## Information provided
──────────
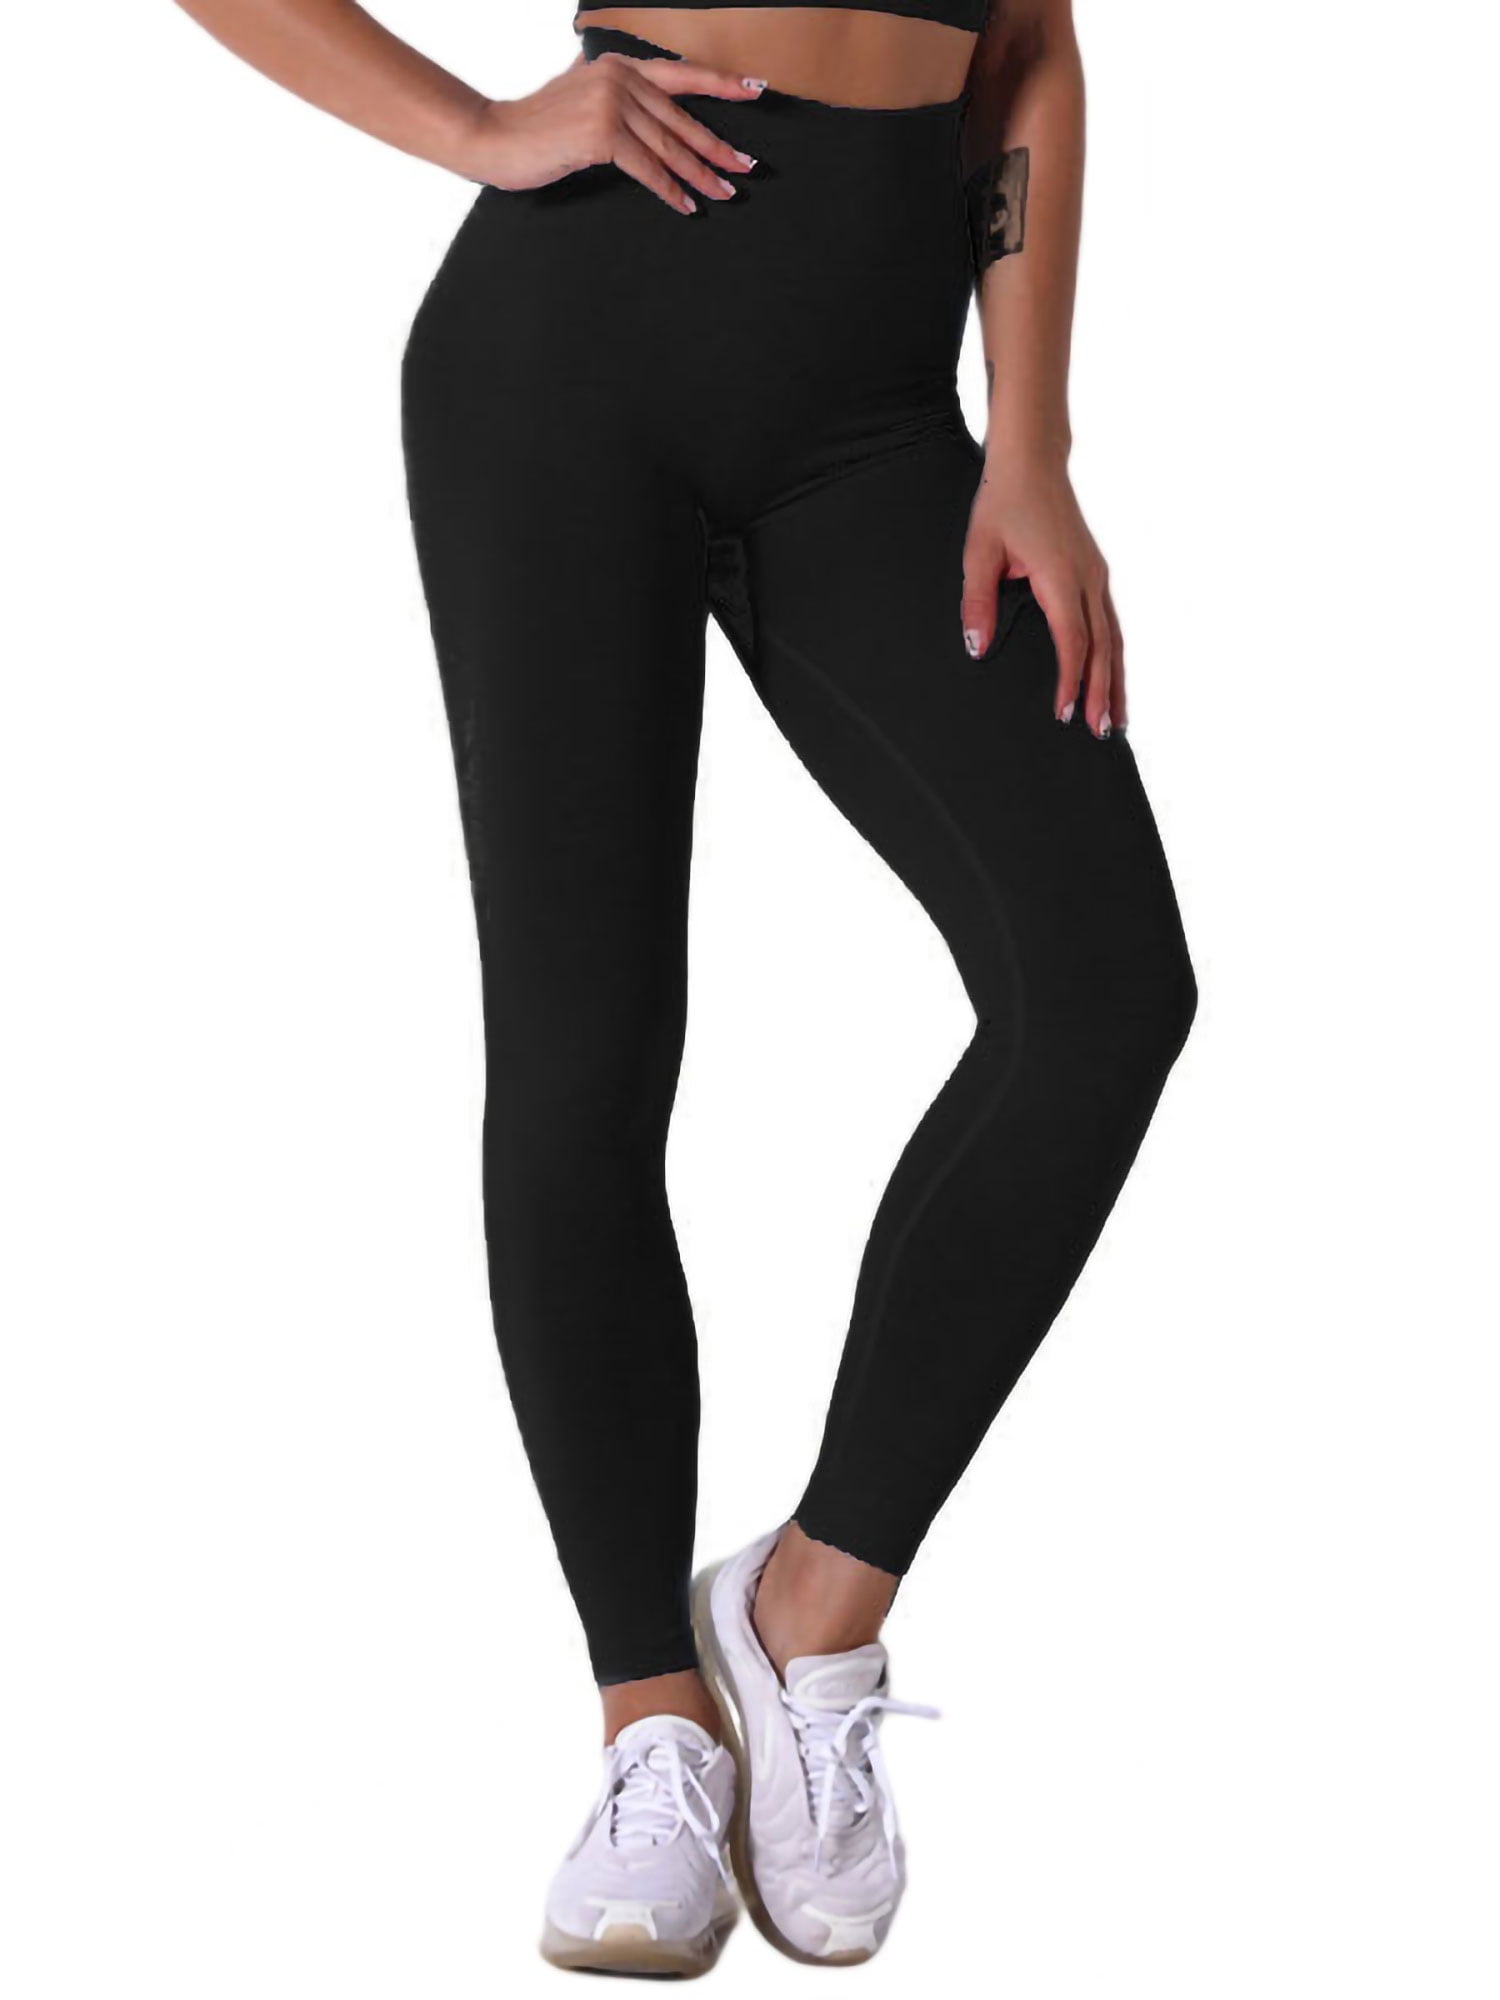 Niuer Womens High Waisted Buttery Soft Leggings Exercise Dry Fit 7/8 ...
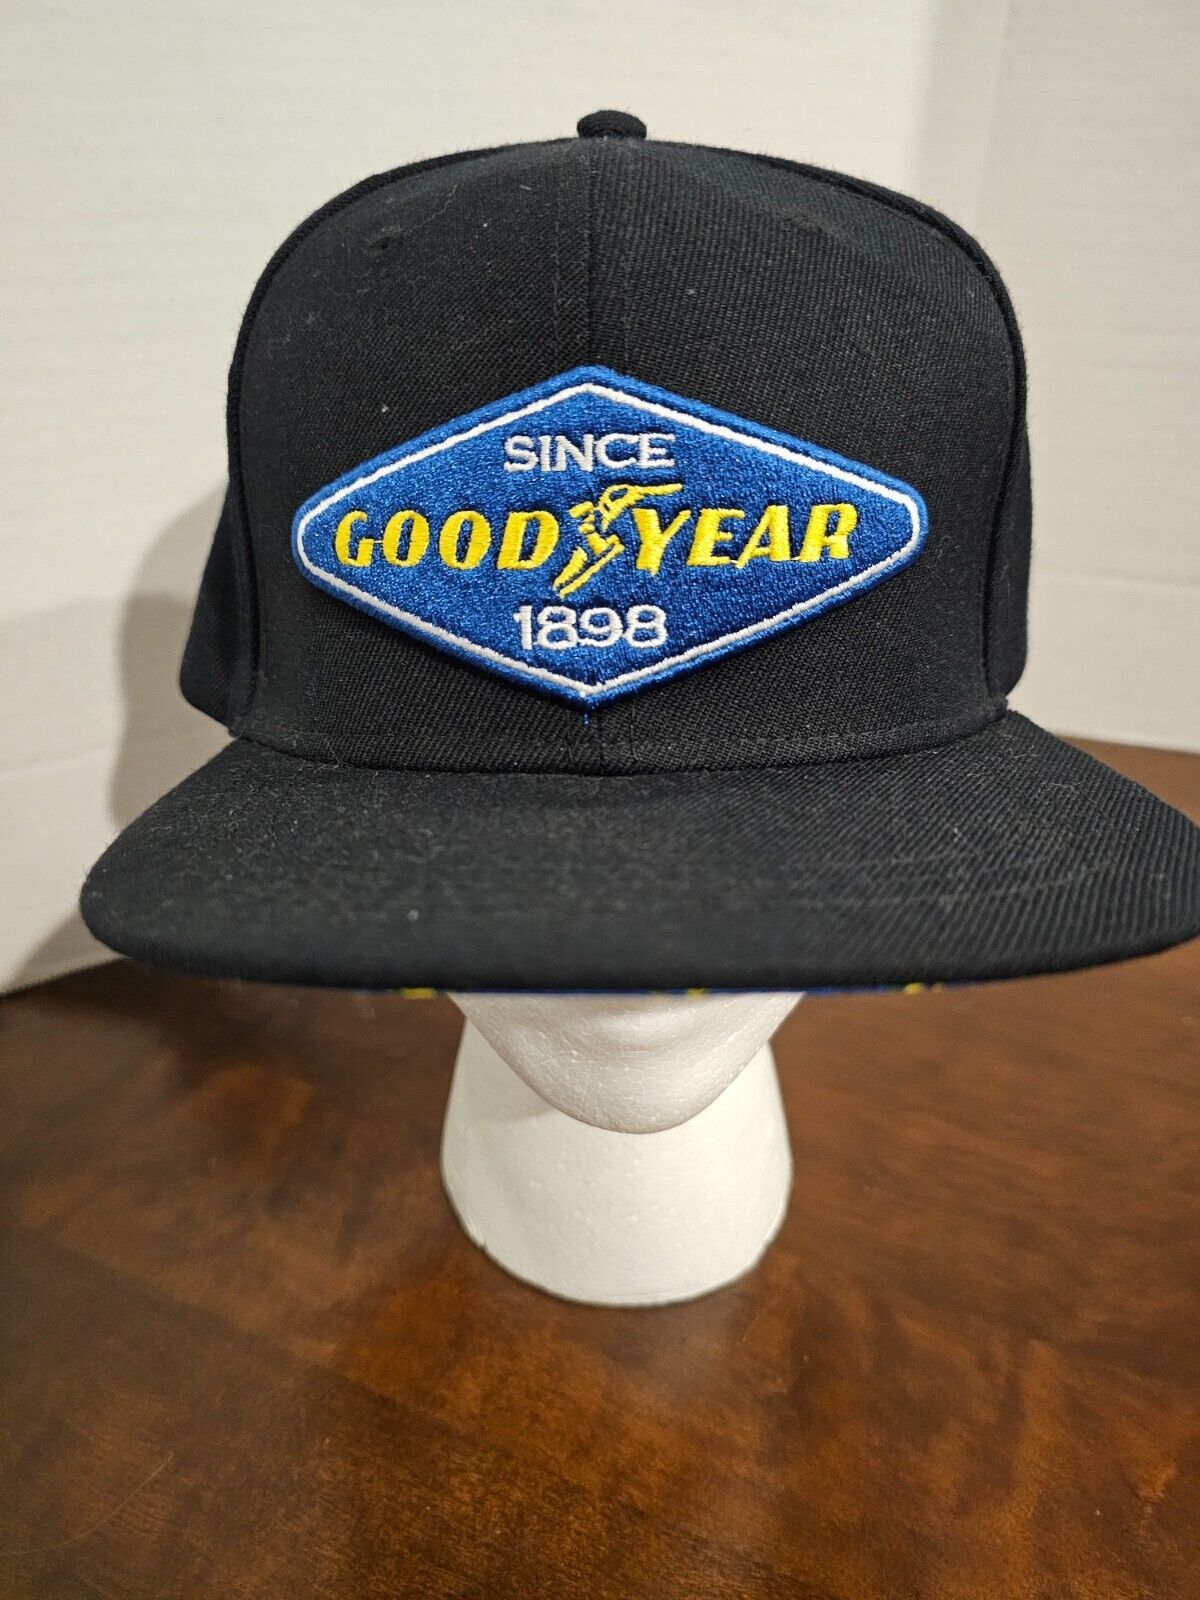 Primary image for Goodyear Tires Snapback  - Since 1898 - OSFM
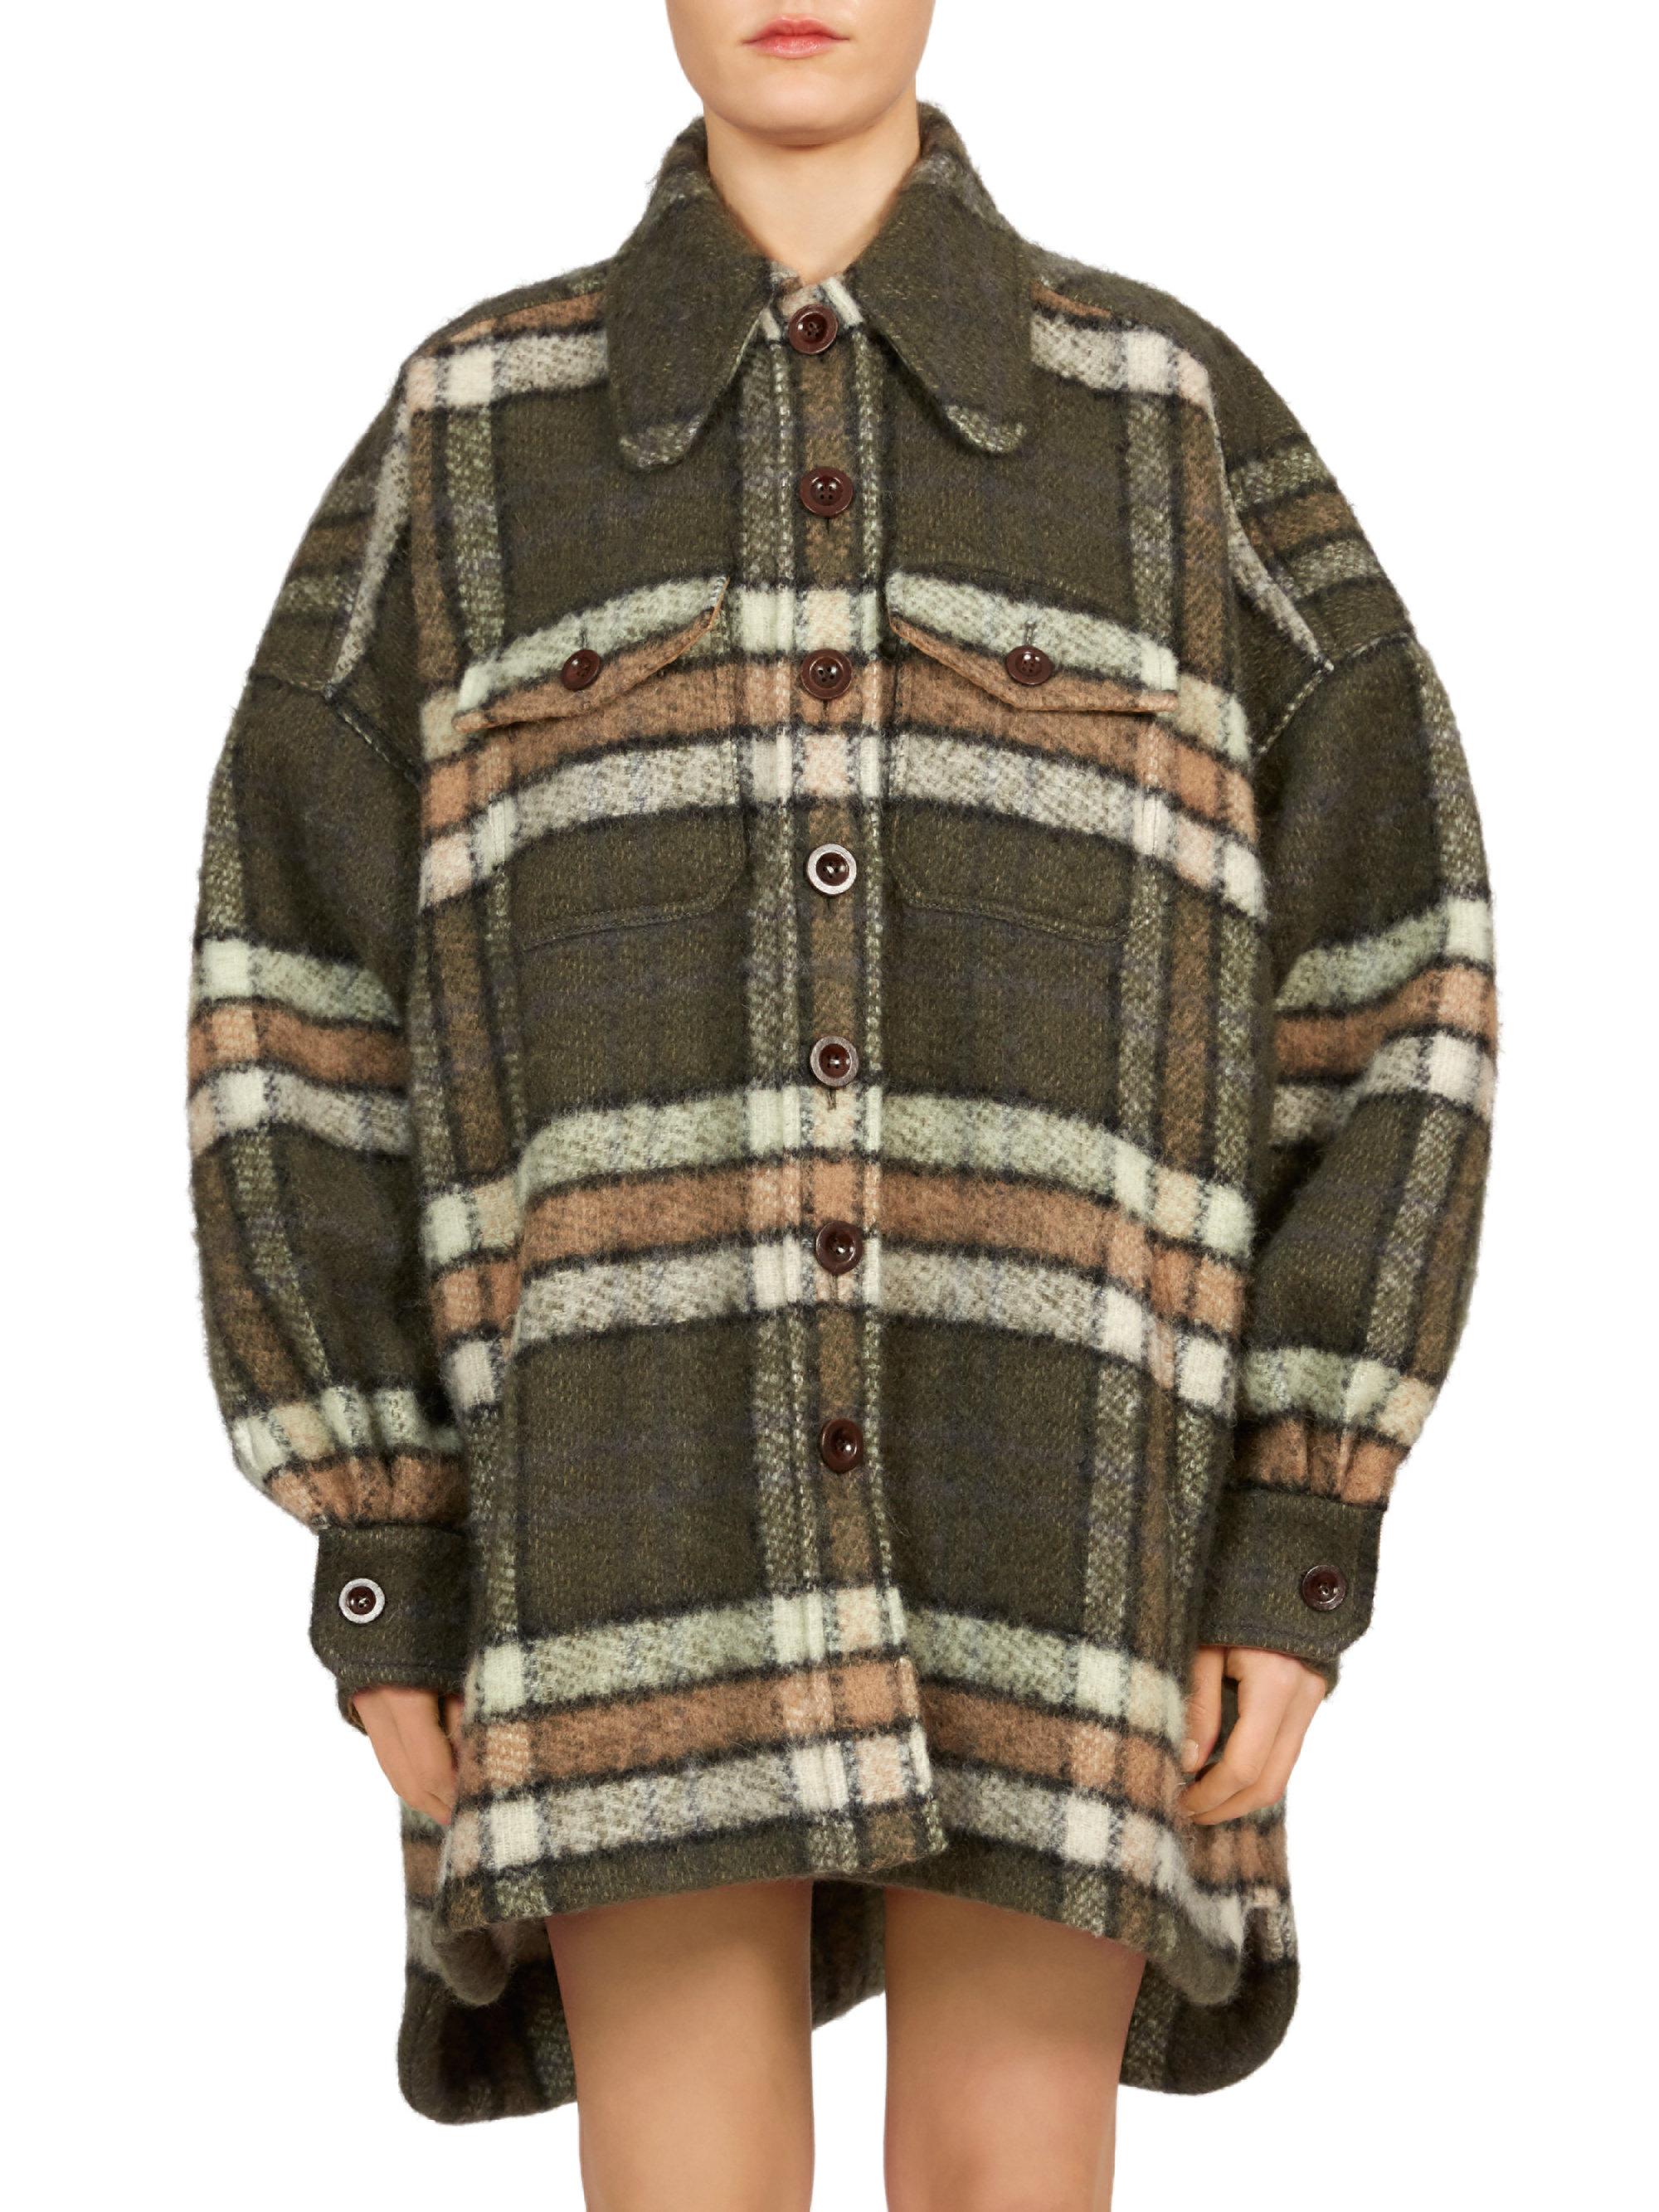 Chloé Synthetic Mohair Plaid Coat in Green - Lyst
──────────
## Required action
Leave out the pictures, and please output only the lines from the line that contains "Primary image for" through the end of the data, both ends included.

## Solved exercise
 Primary image for Goodyear Tires Snapback  - Since 1898 - OSFM
 Chloé Synthetic Mohair Plaid Coat in Green - Lyst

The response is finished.